If you have any concerns or questions regarding this AUP, please contact Advanced Stream.
In addition to the above terms and conditions; by using Advanced Stream Broadband Internet service you agree to the following terms, conditions, and policies: The service is provided to the customer as is, without warranty of any kind. The entire risk as to the results and performance of the service is assumed by the customer. Advanced Stream disclaims all warranties, whether express or implied, including but not limited to, warranties of merchantability, fitness for a particular purpose, and non- infringement.

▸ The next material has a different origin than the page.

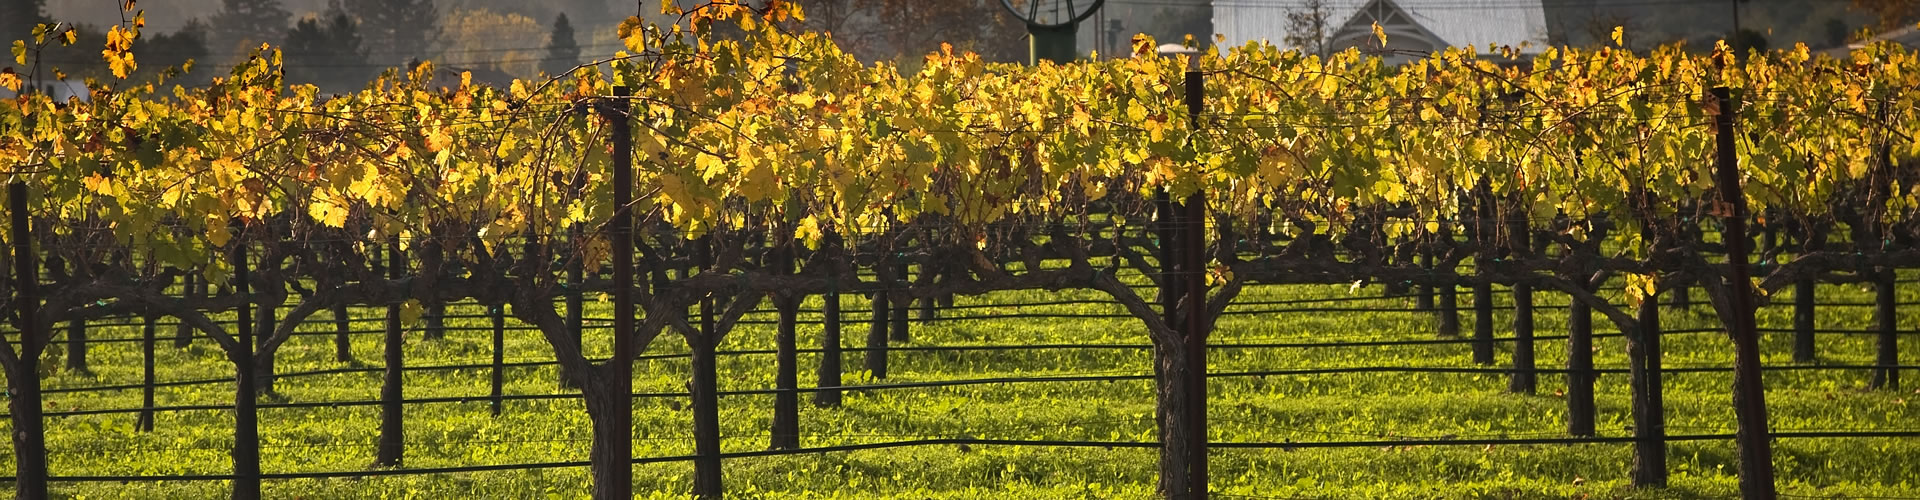 California winery scene

Due to the nature of Internet service Advanced Stream Broadband cannot guarantee uptime, bandwidth speeds or throughput on services. Download and upload rates may vary based on many factors. No refunds will be given for downtime or system outages.
The customer is responsible for the following:
- End user is completely responsible for anything hooked up to the internet gateway including but not limited to network, software, and hardware.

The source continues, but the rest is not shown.